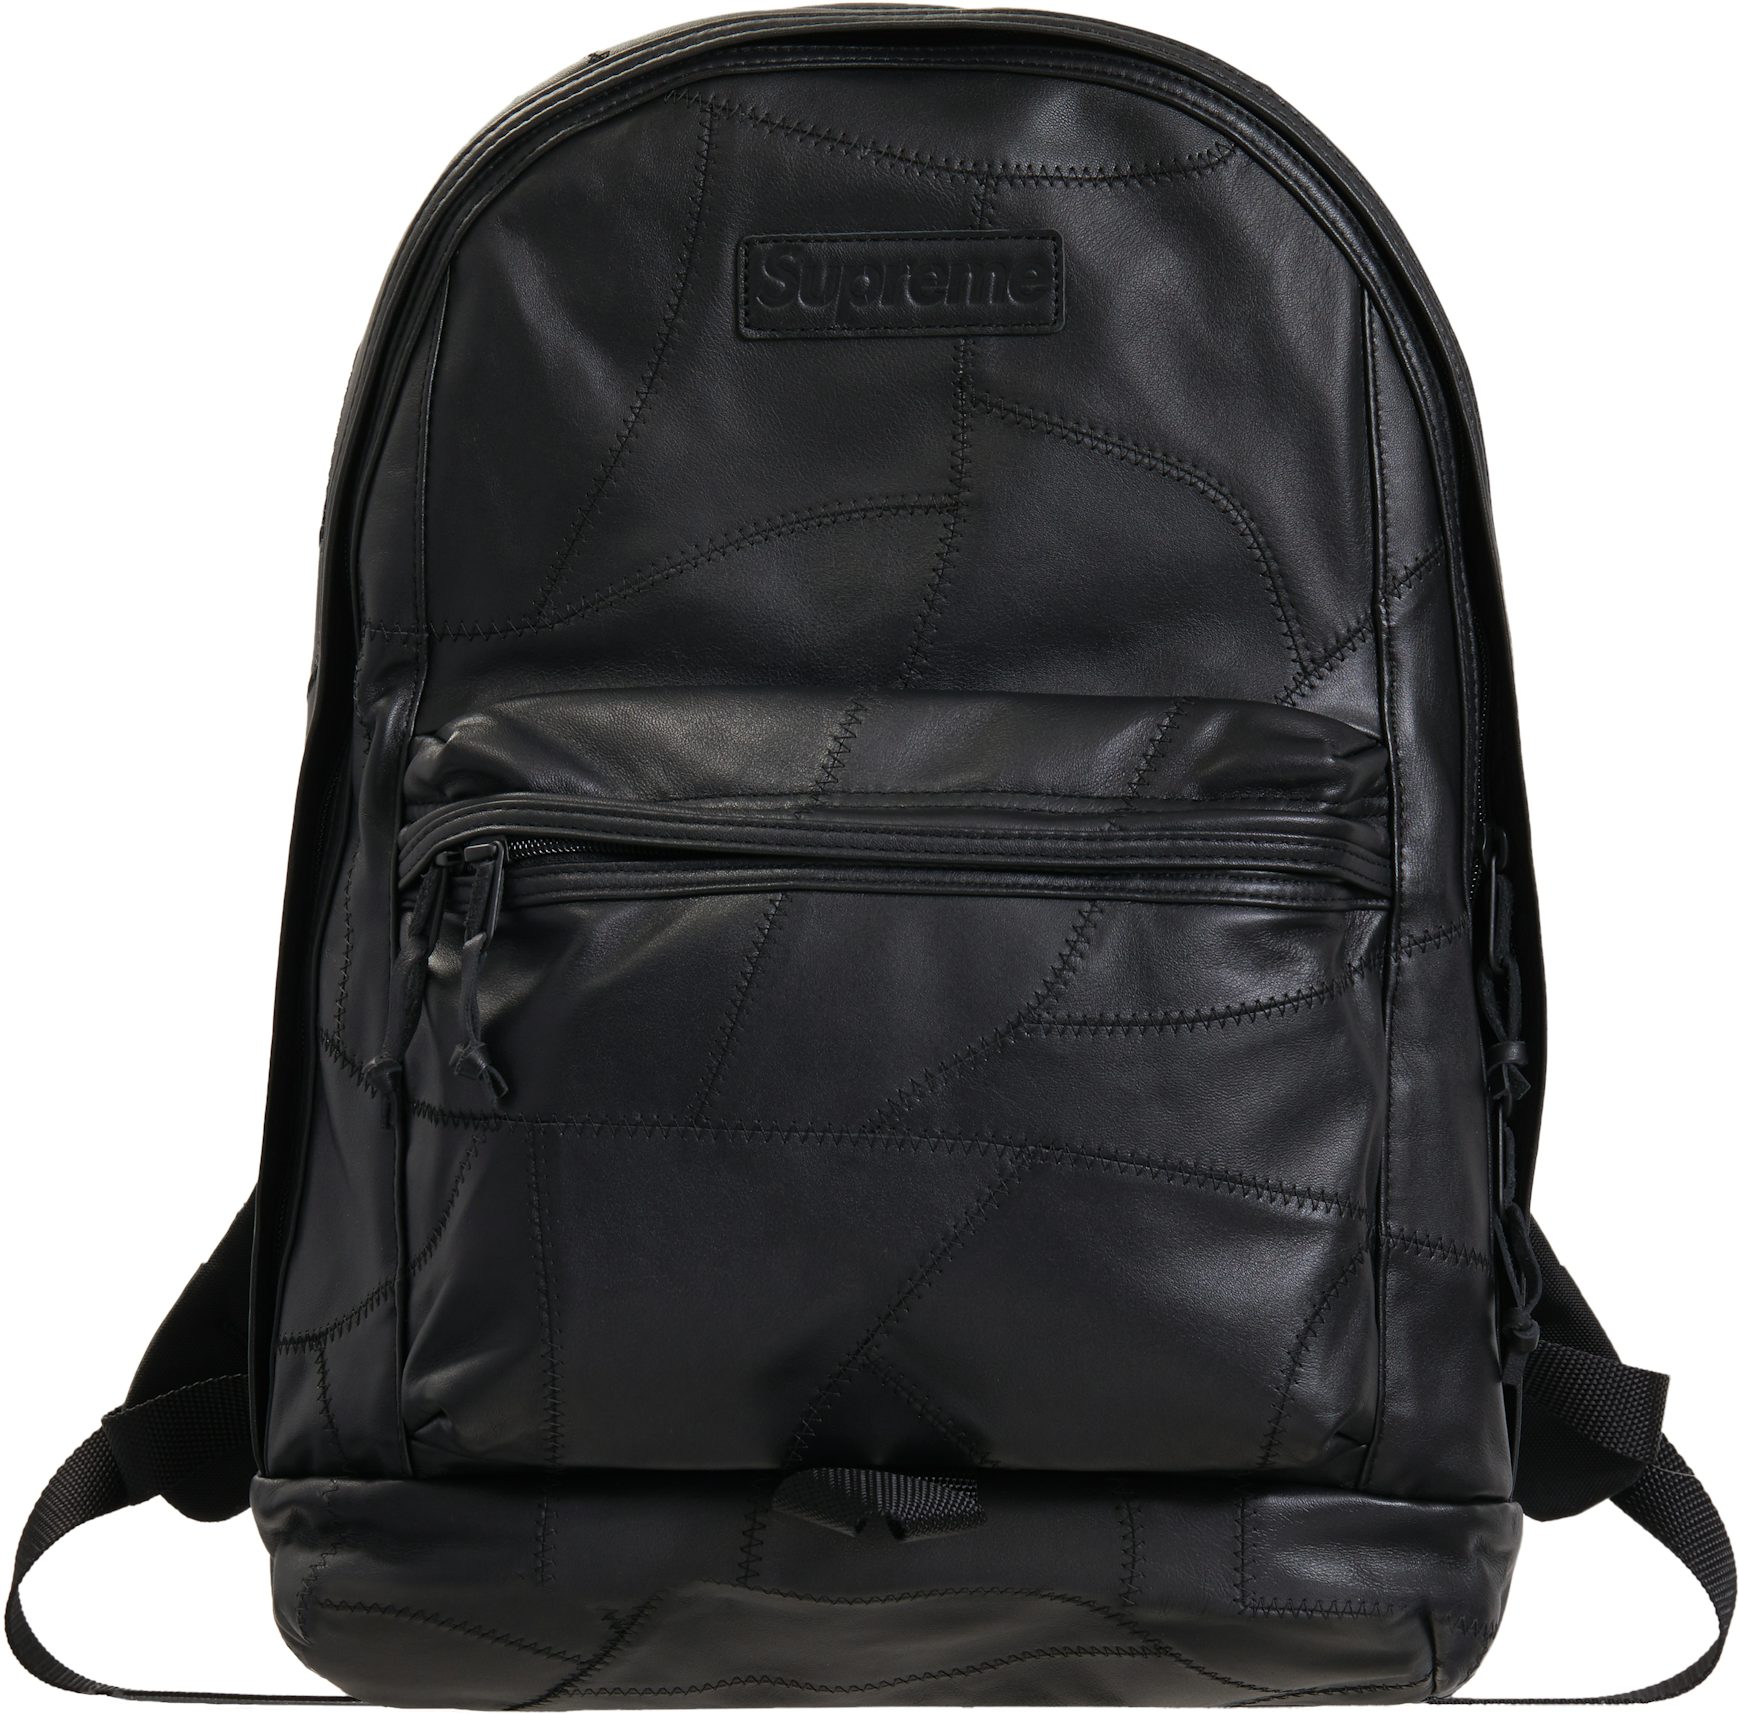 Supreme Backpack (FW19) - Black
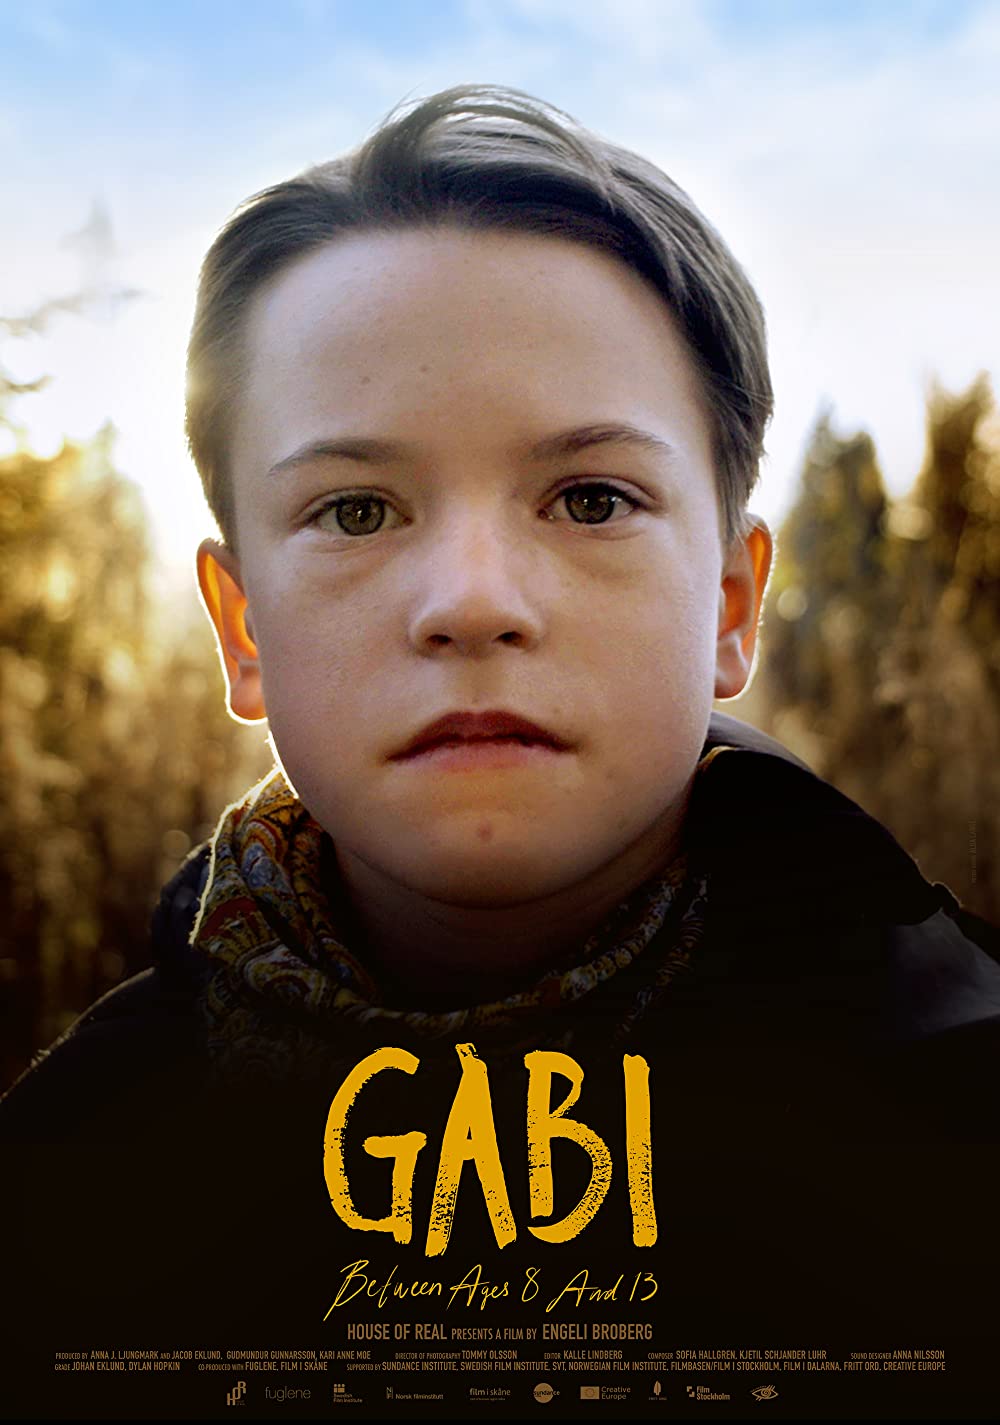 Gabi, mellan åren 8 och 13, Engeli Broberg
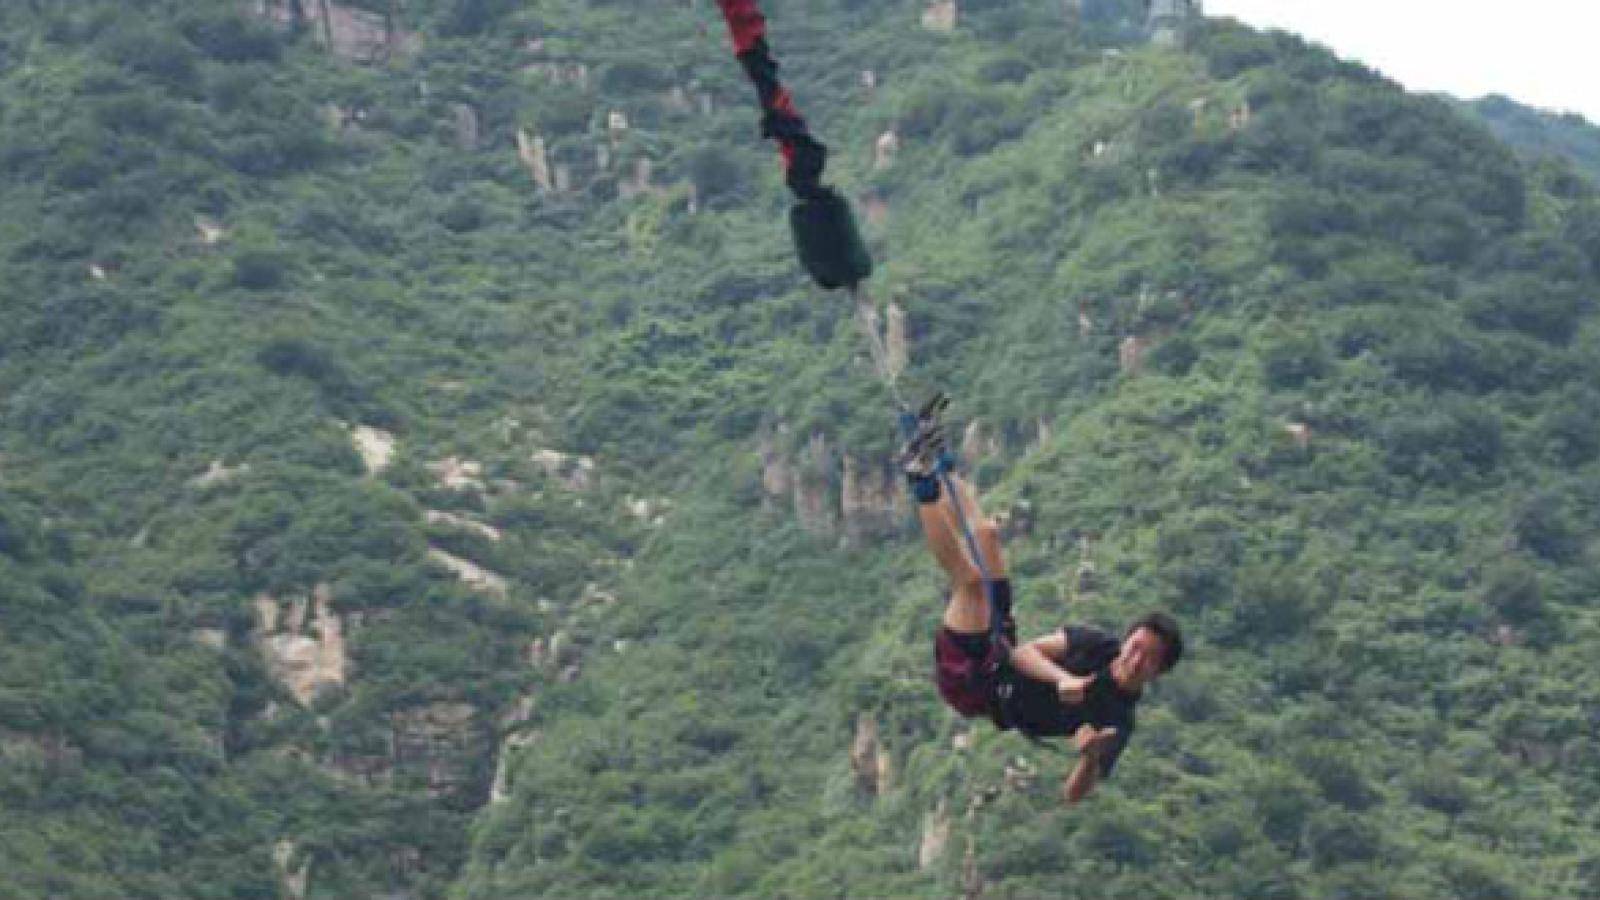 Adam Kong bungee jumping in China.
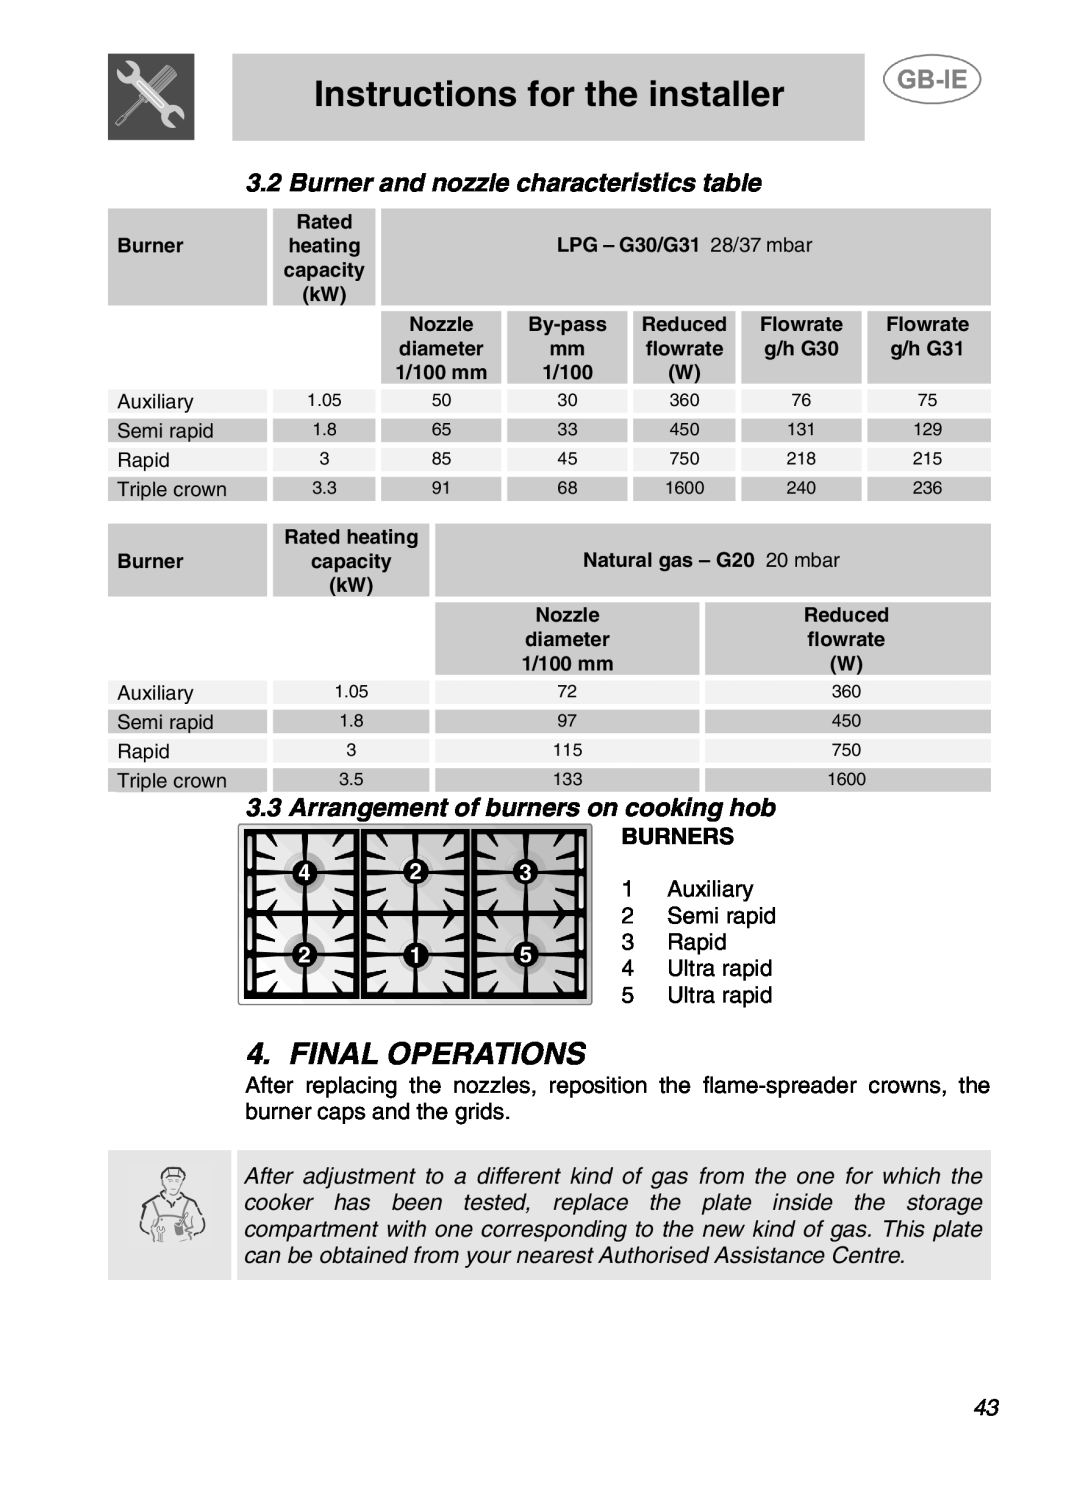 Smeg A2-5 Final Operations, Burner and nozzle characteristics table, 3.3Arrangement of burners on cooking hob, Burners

-- Your objective --
The data is to be restated word for word, with any pictures set aside.

-- Your response --
 Supreme Backpack (FW19) - Black
 Gabi, mellan åren 8 och 13, Engeli Broberg
 Adam Kong bungee jumping in China.
 Smeg A2-5 Final Operations, Burner and nozzle characteristics table, 3.3Arrangement of burners on cooking hob, Burners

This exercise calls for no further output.